GIVEN MATERIAL Start Marker
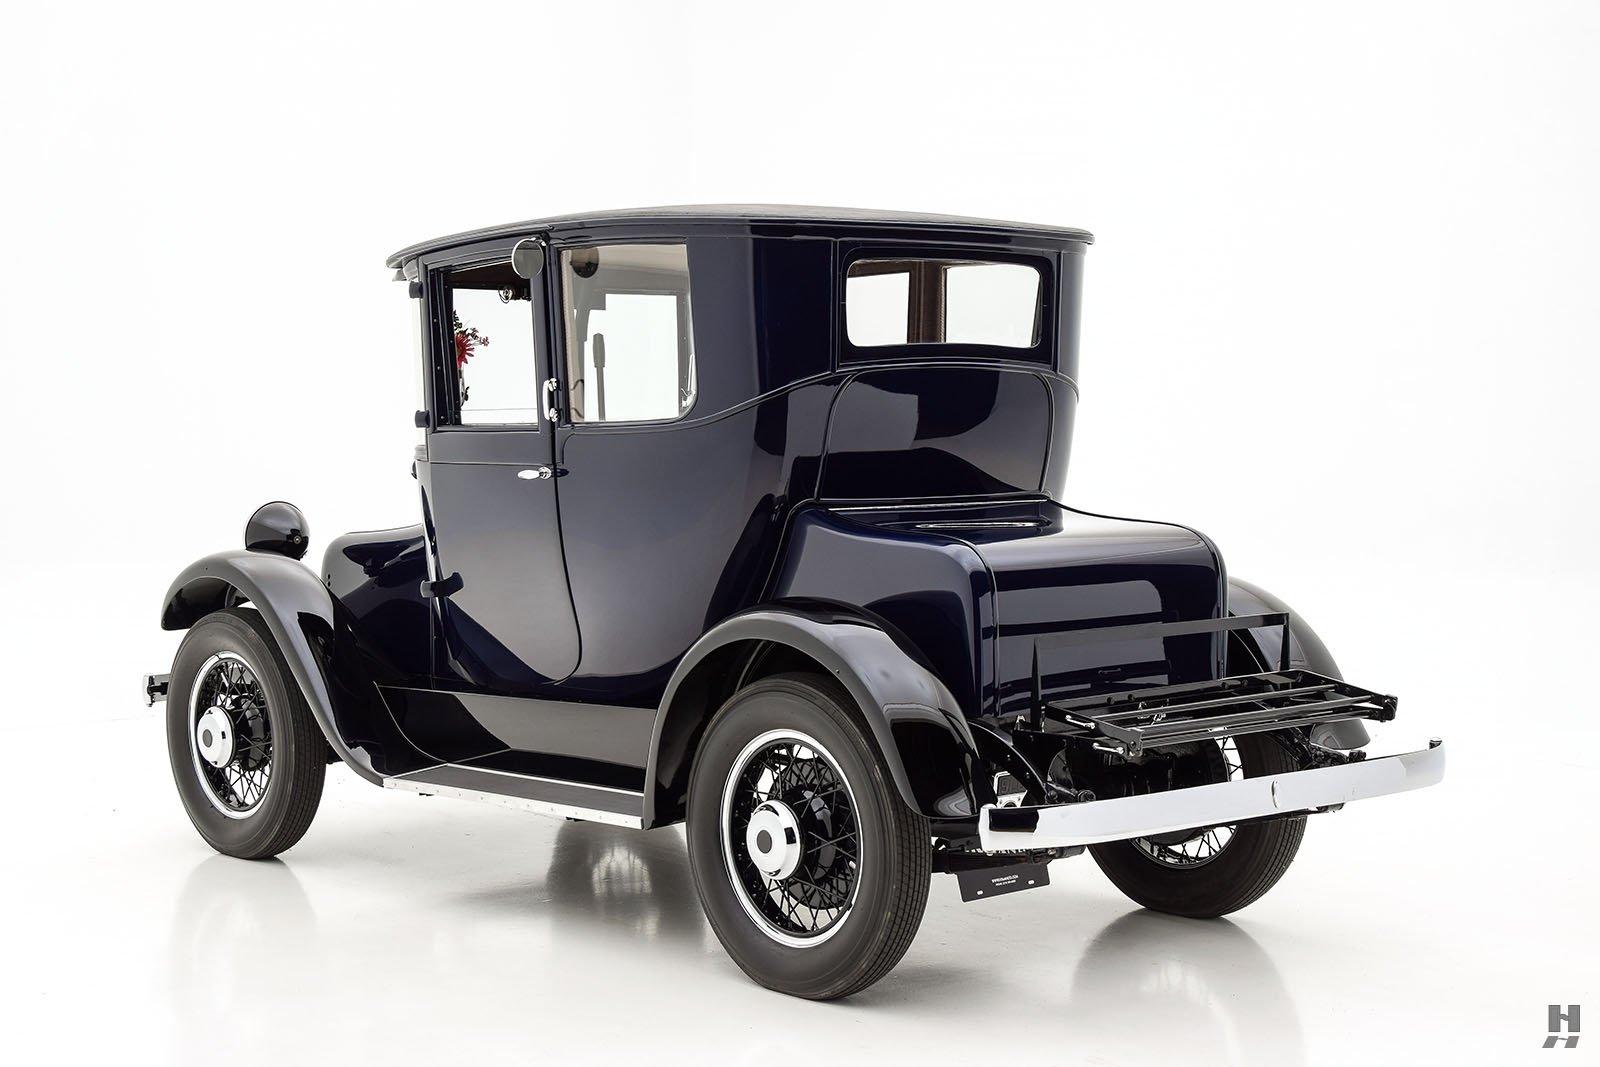 1931 Detroit Electric Model 97 Coupe For Sale   Classic Cars   Hyman LTD
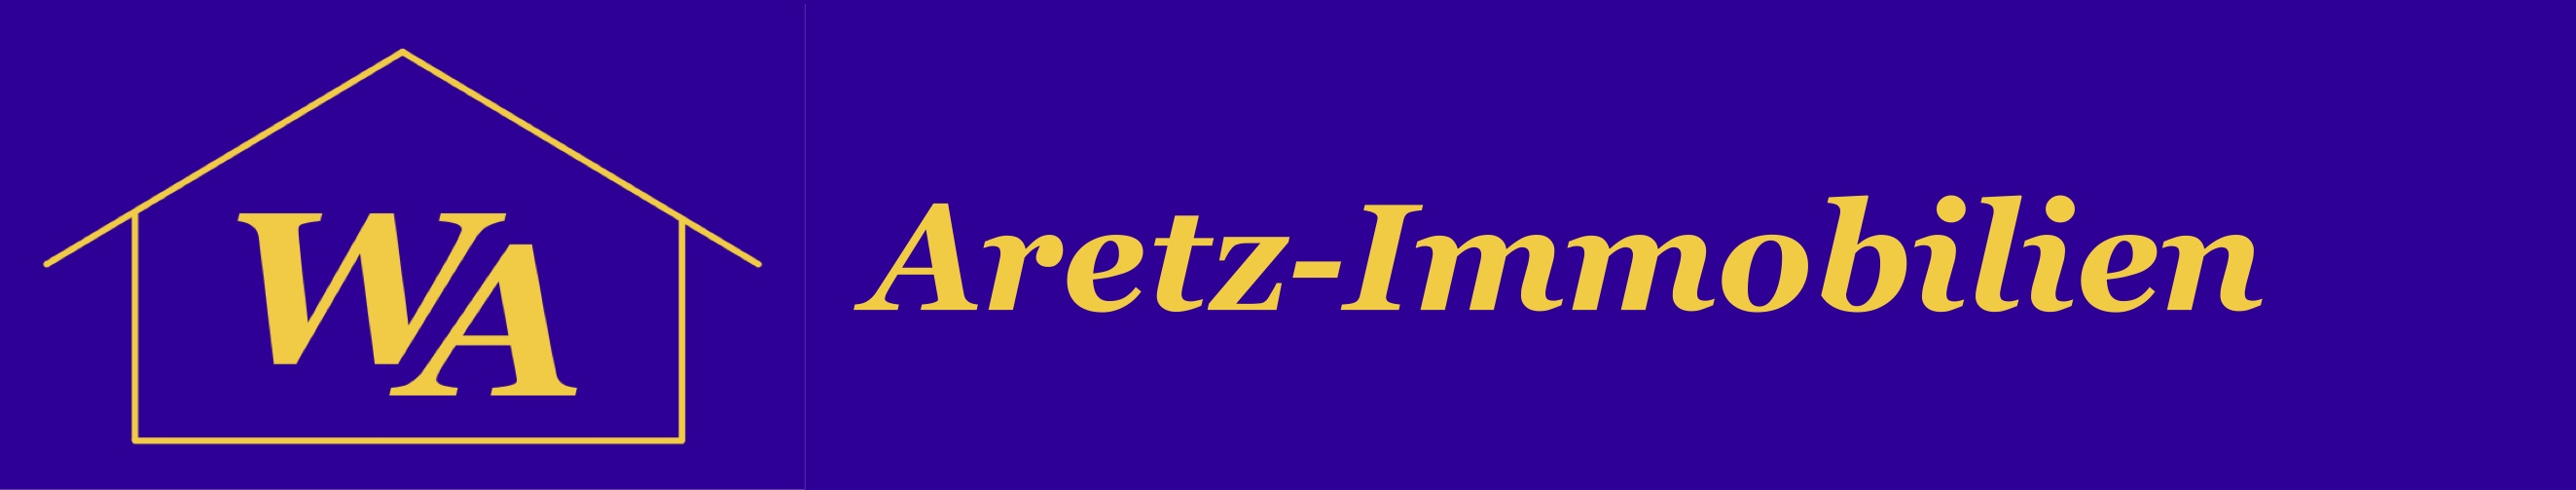 Aretz-Immobilien Gran Canaria
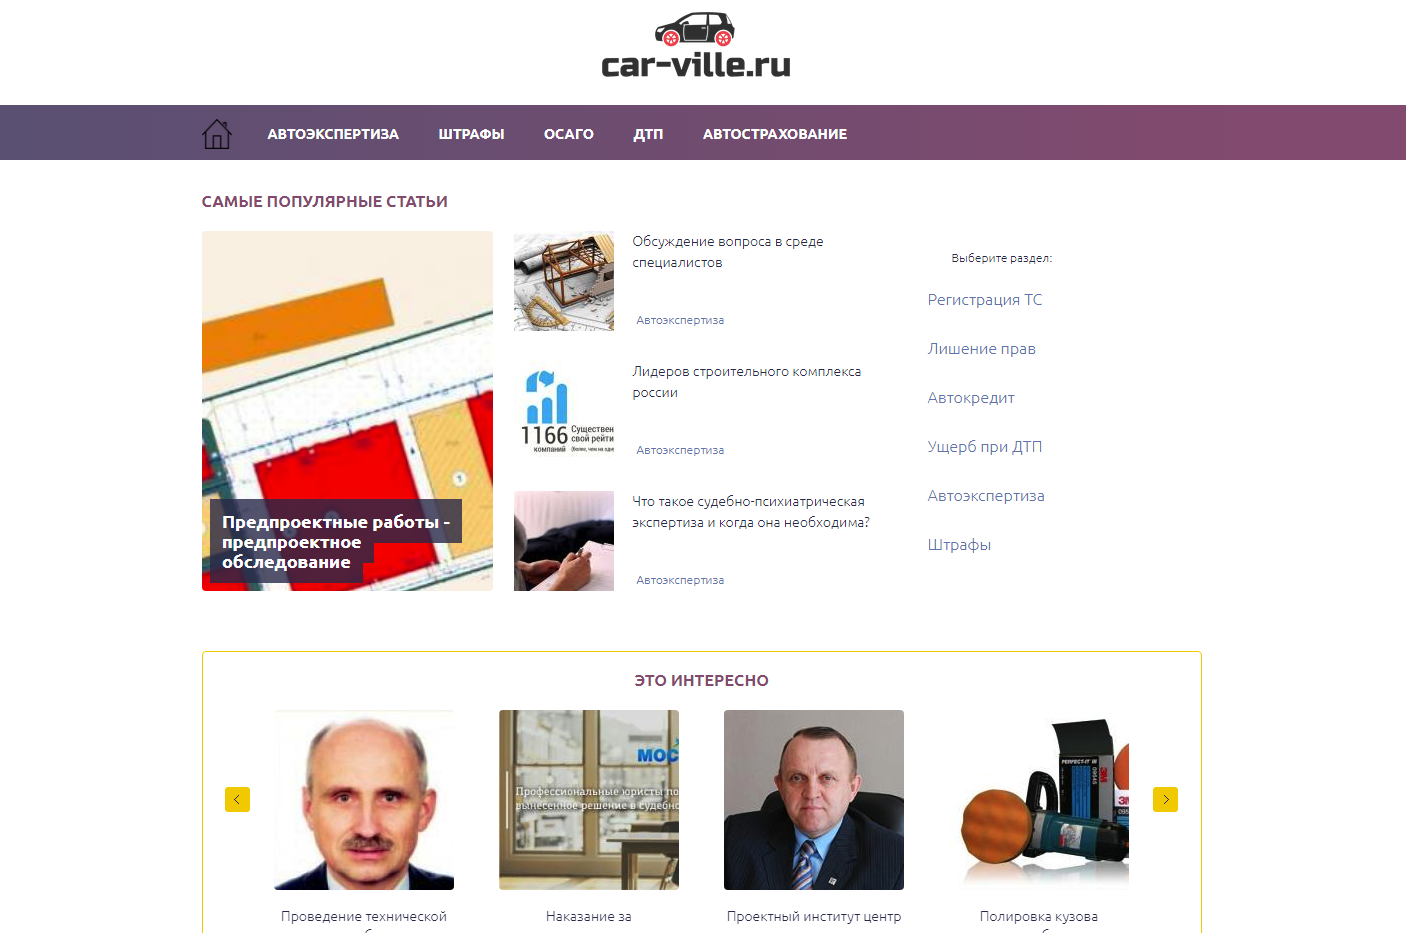 Официальный сайт Car-Ville www.car-ville.ru
GIVEN MATERIAL End Marker
* [ABOUT THIS TASK]: Beginning at the line that contains "Aretz-Immobilien Gran Canaria", retype each line of the data above through the very last one. Do not retype the pictures.

* [ANSWER SPACE]:
 Aretz-Immobilien Gran Canaria
 Официальный сайт Car-Ville www.car-ville.ru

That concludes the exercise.